A continent-wide accommodation crisis

Africa's tertiary student population is expanding faster than the continent's housing infrastructure can accommodate it. This is a continent-wide structural condition, rooted in a policy shift that decoupled enrollment growth from residential capacity.

In Kenya, a 2003 policy change allowed universities to admit students beyond their bed capacity, on the assumption that students would source accommodation independently. Kenya's tertiary system now enrolls a minimum of 600,000 students, with a further 400,000 in Technical and Vocational Education and Training centres. The majority rely on informal accommodation that is inadequate in quality, safety, and suitability for academic life.

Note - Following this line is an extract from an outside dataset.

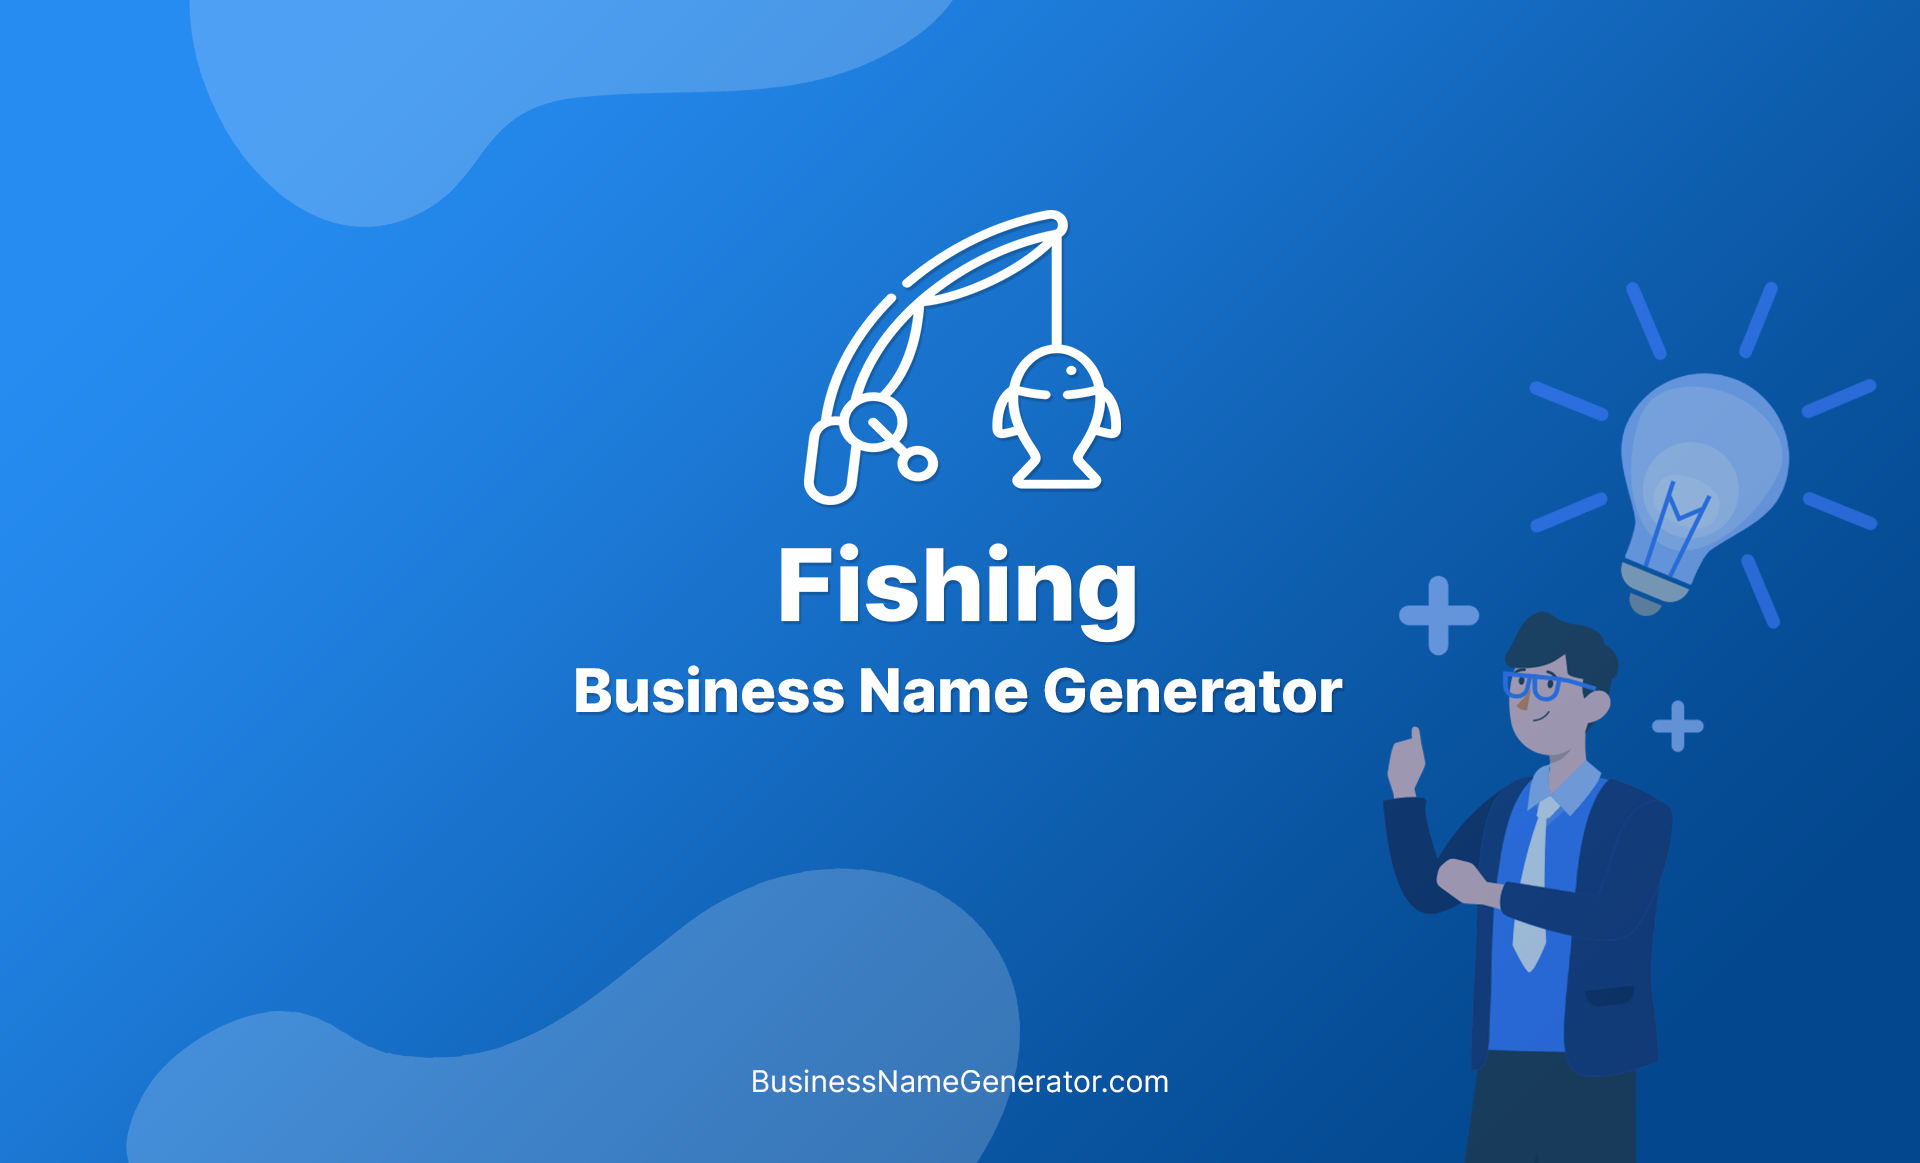 Fishing Business Name Generator

Nigeria's position is more acute. Tertiary institutions lack the capacity to house more than 9% of enrolled students. The remaining 91% are absorbed into an informal off-campus rental market characterised by excessive pricing, security risks, and environments structurally incompatible with productive study. Ghana exhibits an equivalent pattern.

South Africa is the exception. Its PBSA sector is mature, institutionally capitalised, and increasingly benchmarked against listed student housing vehicles in the United States and Europe. It controls approximately 90% of Africa's formal PBSA supply, underpinned by deep capital markets, NSFAS-backed rental demand, and a legislated norms and standards framework that provides investment-grade clarity on product specifications.

Our CEO, Martin Uche joined CNBC to discuss Student Housing in Africa

Why the supply gap persists

The gap persists because the economics of PBSA delivery in emerging African markets do not support institutional return thresholds without structural intervention. Three barriers drive this outcome.

Development risk carries a significant premium in markets with volatile construction costs and limited delivery certainty. In markets with a single academic intake per year, a one-month delivery delay renders a building vacant for twelve months, directly compressing investor returns.

Short-term lease structures are misread by capital providers. Many lenders treat student tenancies as short-duration, uncollateralised exposure. Evidence from mature markets challenges this: students who occupy a property in year one show a 60% retention rate the following year, equivalent in cash flow terms to a three-year contracted lease.

Affordability mechanisms are absent or underdeveloped outside South Africa. Without a government-backed demand subsidy, operators in Nigeria, Ghana, and Kenya must bridge the gap between what students can pay and what institutionally acceptable accommodation costs to build and operate.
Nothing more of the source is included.